SOURCE DATA START
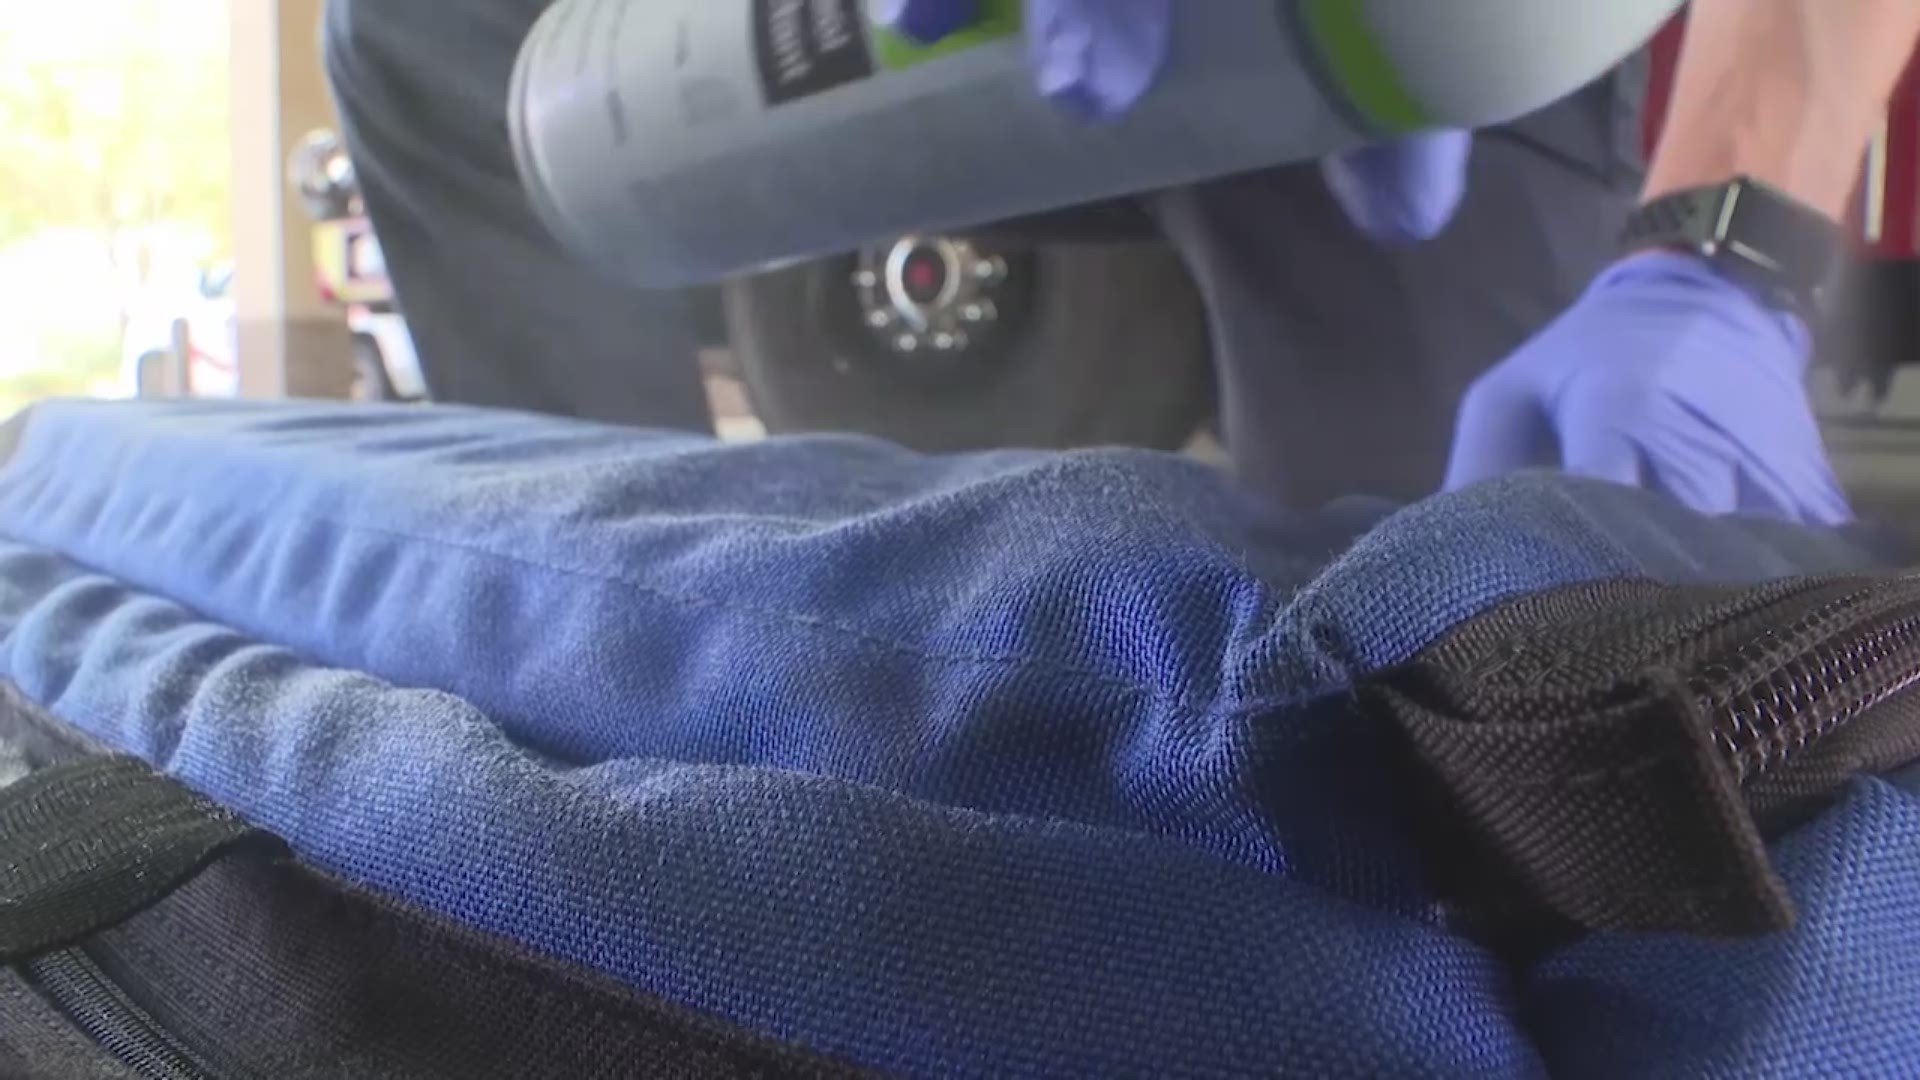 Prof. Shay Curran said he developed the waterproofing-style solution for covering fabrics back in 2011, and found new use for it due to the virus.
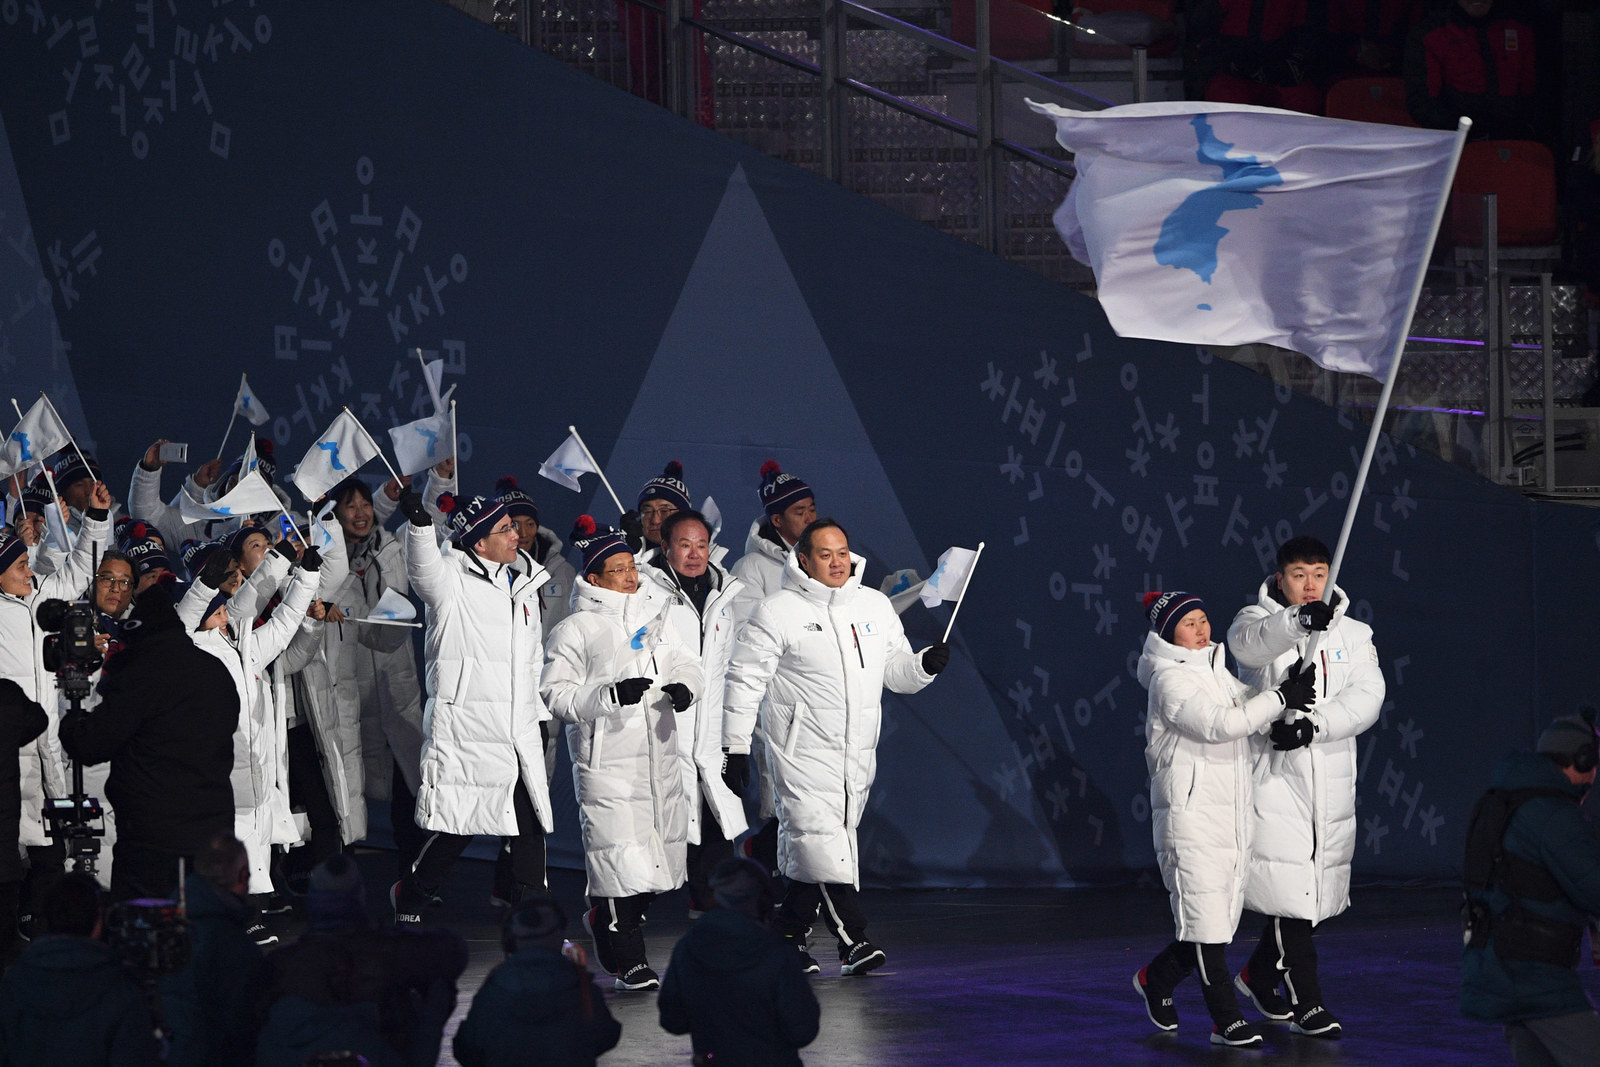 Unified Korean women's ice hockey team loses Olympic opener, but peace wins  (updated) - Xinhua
SOURCE DATA END
SOURCE DATA START
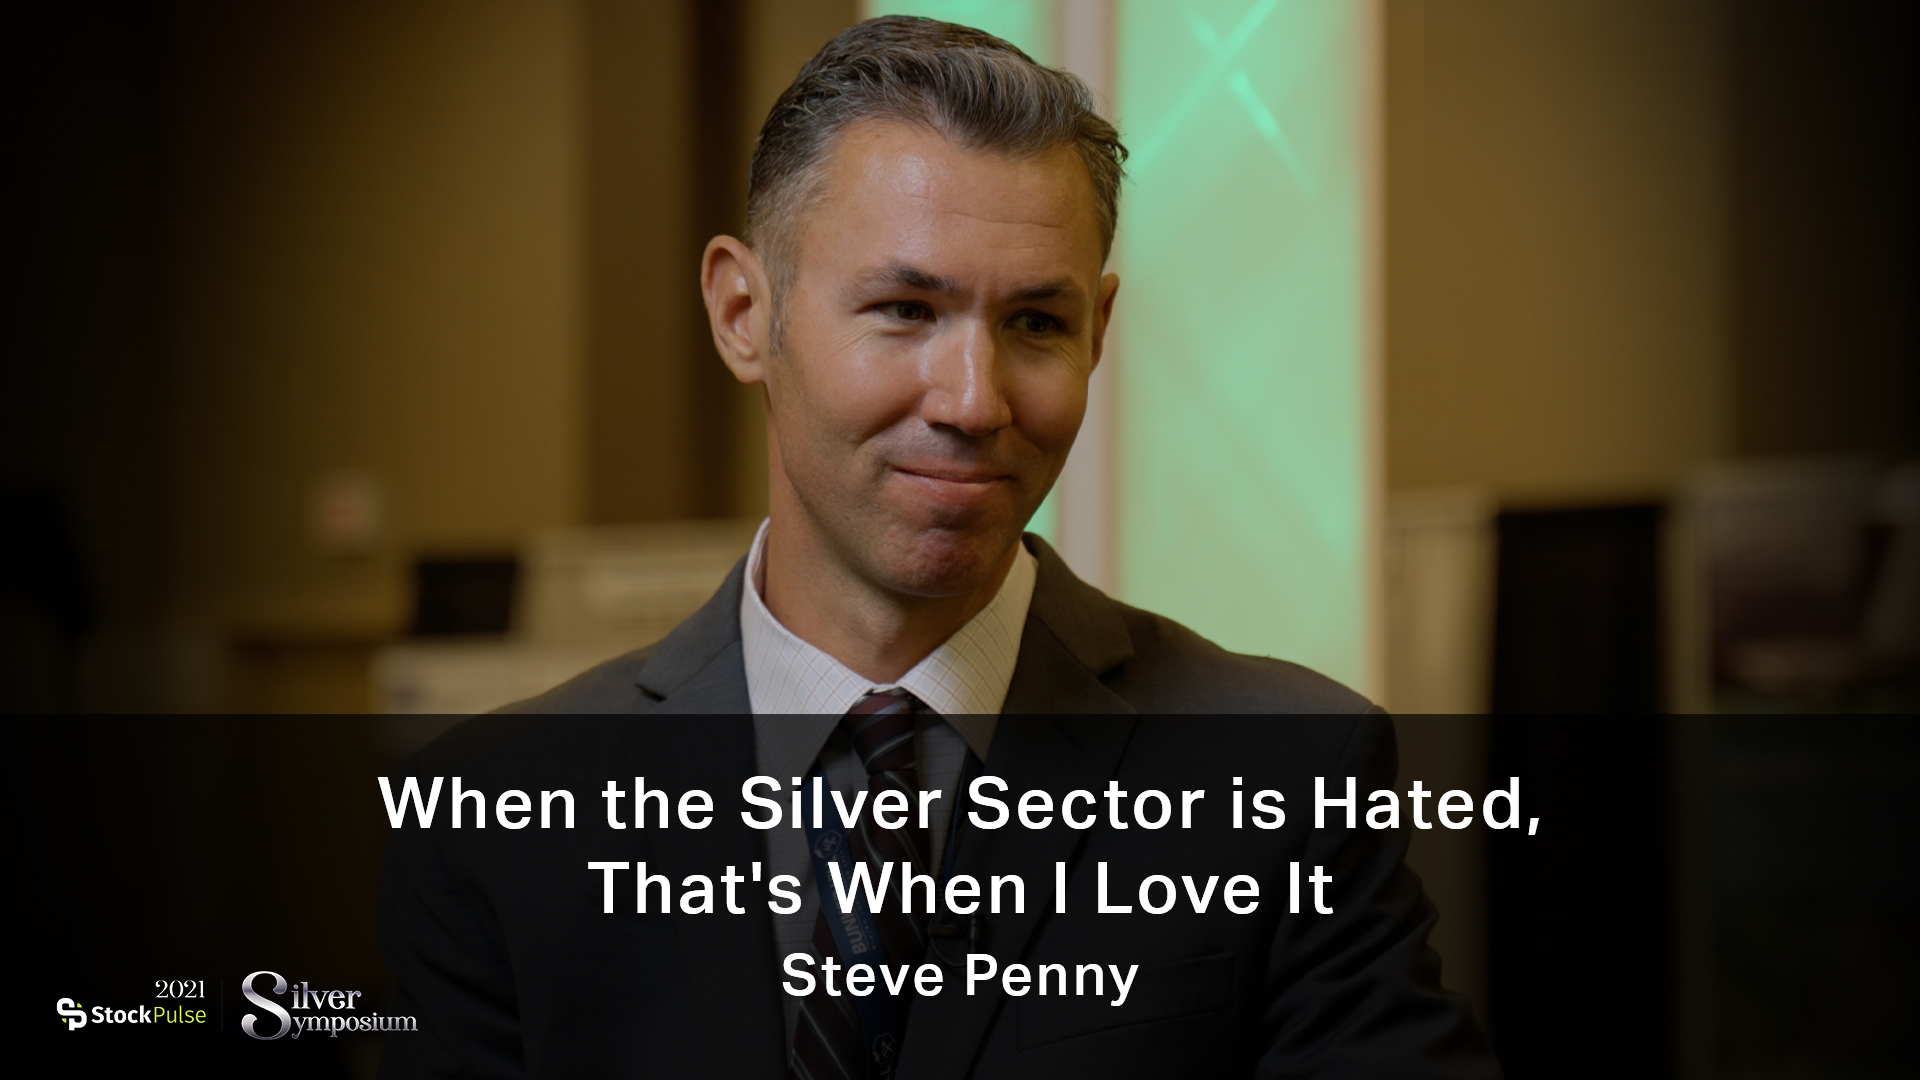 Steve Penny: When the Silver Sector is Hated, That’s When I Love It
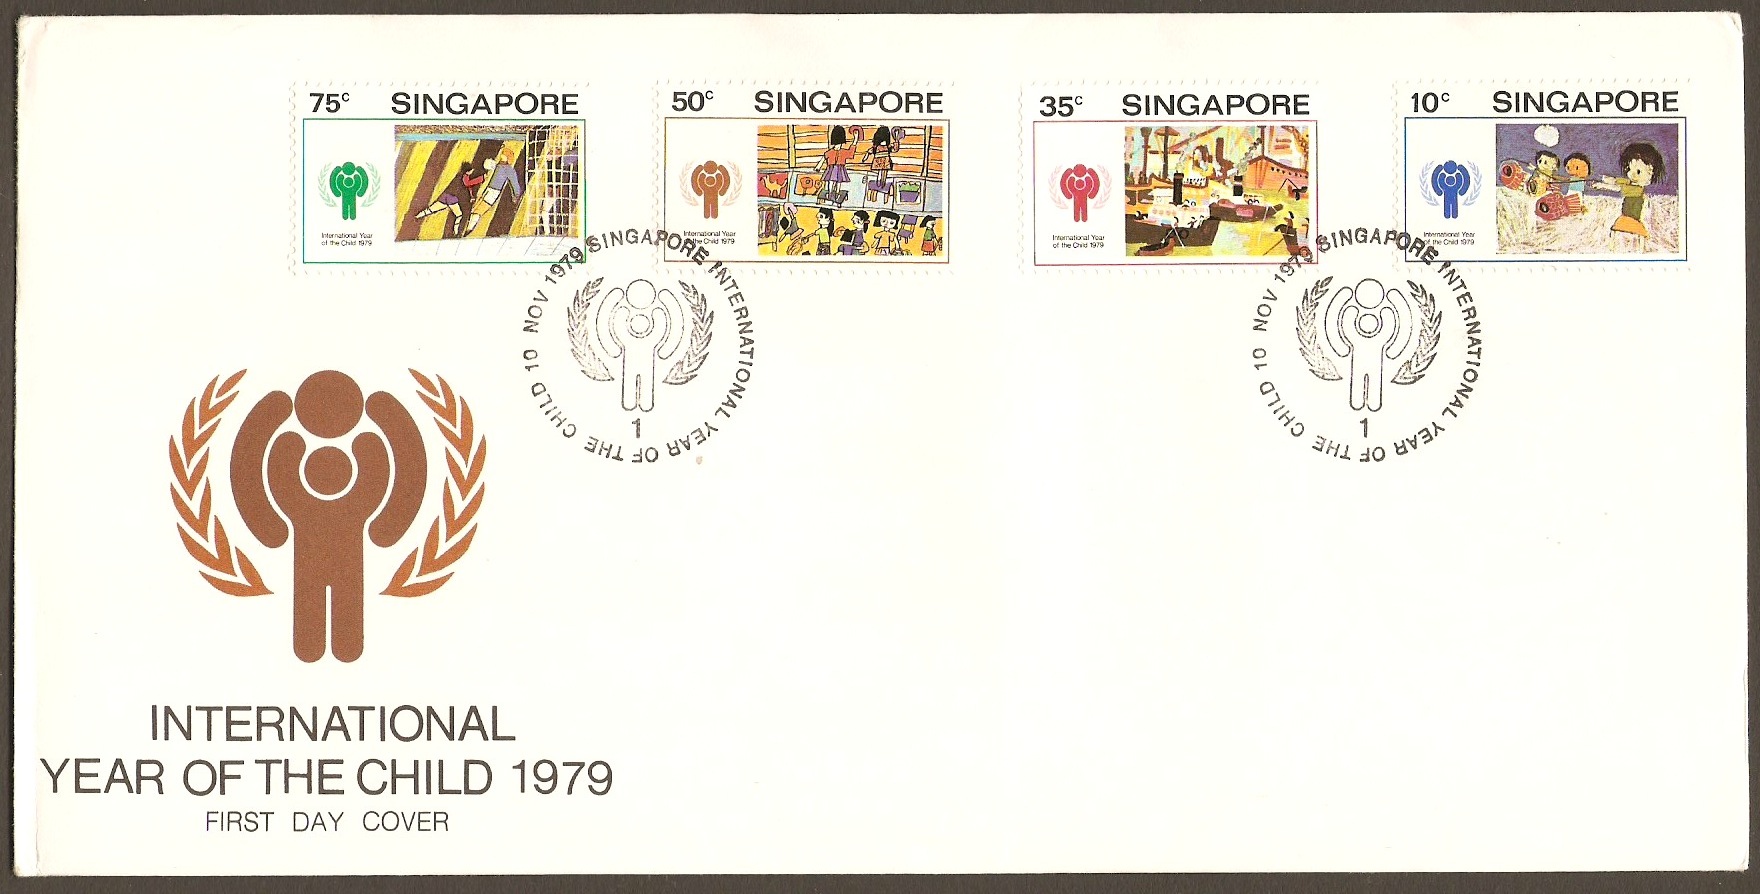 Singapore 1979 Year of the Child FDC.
SOURCE DATA END
YOUR ASSIGNMENT —
Pictures aside, print exactly the lines above starting with the one containing "Prof. Shay Curran" and going on through the one containing "Unified Korean women's".

WRITTEN RESPONSE —
 Prof. Shay Curran said he developed the waterproofing-style solution for covering fabrics back in 2011, and found new use for it due to the virus.
 Unified Korean women's ice hockey team loses Olympic opener, but peace wins  (updated) - Xinhua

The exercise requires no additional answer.